趁著大家努力恢複的時間間隙,李柔立刻在廣場的邊緣做了布置,召喚出了一個由累累白骨構建成的大門。
這扇大門深處,一片幽沉,讓人根本沒法見到裏麵的情況,隻是能聽到有著嘩啦啦的水聲流動。
通過這一點,大家就能做出判斷,這個大門的另一頭,必然是一片水域。
而那條水脈之龍生活在水域中,這是一件非常合理的事情。
時間流逝,一個小時過去,絕大多數驅邪人已經初步恢複了自身的靈性之力,表示可以支撐一場戰鬥了。
隻是,這個時候,李柔卻抬起了手。
她的目光掃過在場每一位驅邪人,重點放在了那些之前受傷的幾人身上,緩慢開口,說道:“我知道,大家來到梧桐鎮、來到小林村,就是想幫忙解決這場邪崇事件的。”
“隻是,我想說的是,一旦進入這扇大門,我們這些人就需要直麵那條水脈之龍了。”
“而這條水脈之龍,我之前已經與它打過交道,非常恐怖,咱們又是在大運河水域與它作戰,那裏算是它的主場,這會讓水脈之龍的力量獲得加持,它會變得更加恐怖。”
“所以,我這裏有一個建議,與邪崇戰鬥過、還受過傷的各位,就不必參加這場行動了,你們還很虛弱,哪怕勉強進入大運河水域作戰,也幫不上太多的忙,很容易隕落其中。”
說這話的時候,她對著那幾位受過傷、還沒有徹底恢複的同行點了點頭,示意他們不必參加這場行動了,要不然的話,很可能會多一些無謂的犧牲。
那幾位之前受傷,還沒完全恢複的驅邪人彼此對視了一眼,臉上出現無奈的表情,隻能接受李柔的這個建議。
自家人知道自家事,雖然他們也很想參與這場最終的決戰,但對於自己的身體狀況,他們還是了解的。

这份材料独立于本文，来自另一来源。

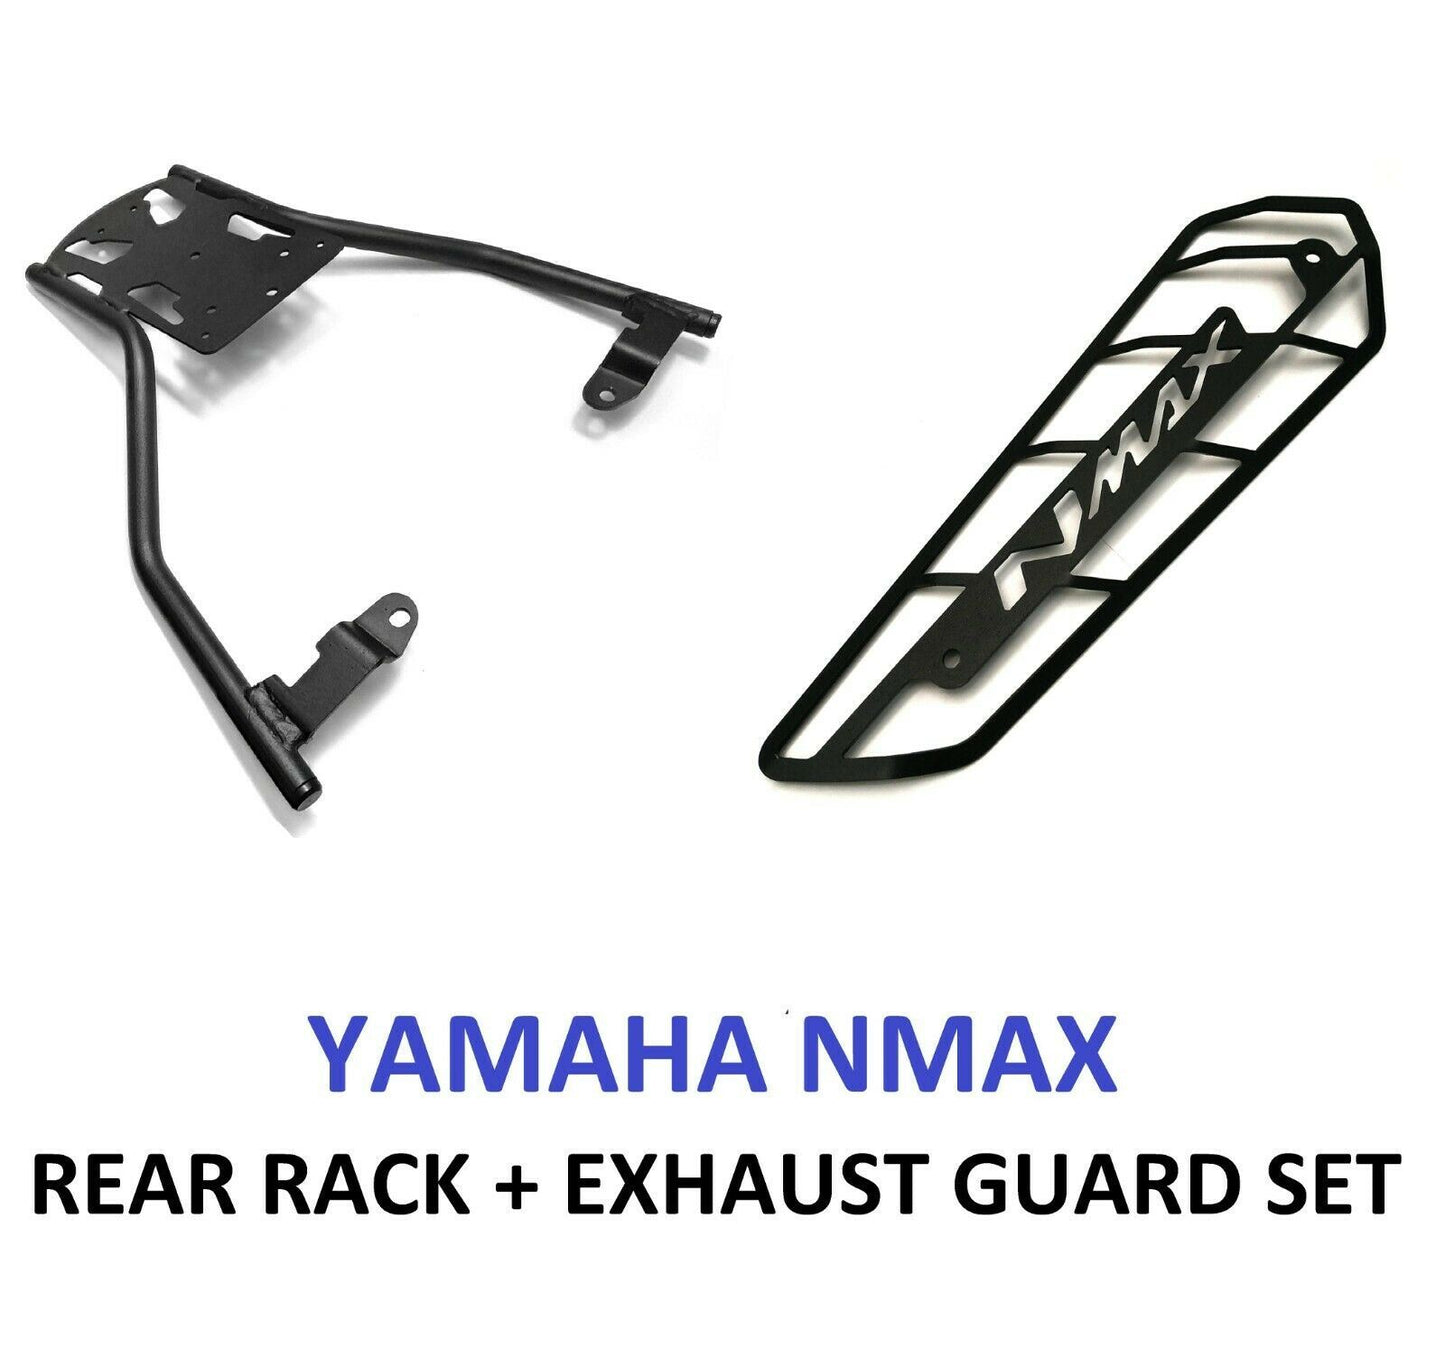 Yamaha NMAX rear rack luggage carrier + exhaust guard set

雖然在翟寧女士的幫助以及休息了一個多小時後,他們的靈性力量已經恢複不少。
但即便如此,這幾人也非常虛弱,如果強撐著進入大運河水域戰場,他們也自覺難以形成有力的輔助。
甚至,在某些關鍵時候,還可能會拖大家的後腿。
現在,這件事情又被李柔主動挑明,他們幾個知道,這次是真的沒法進入大運河水域戰場了。
即便他們幾人堅持,估計在場的同行們也不會答應。
解決這件事情後,李柔卻是依舊沒有讓大家立刻進入傳送門,而是將視線移到了我的身上,想了想,認真的提了建議,說道:“阿七,我建議你也不要參與這場行動了。”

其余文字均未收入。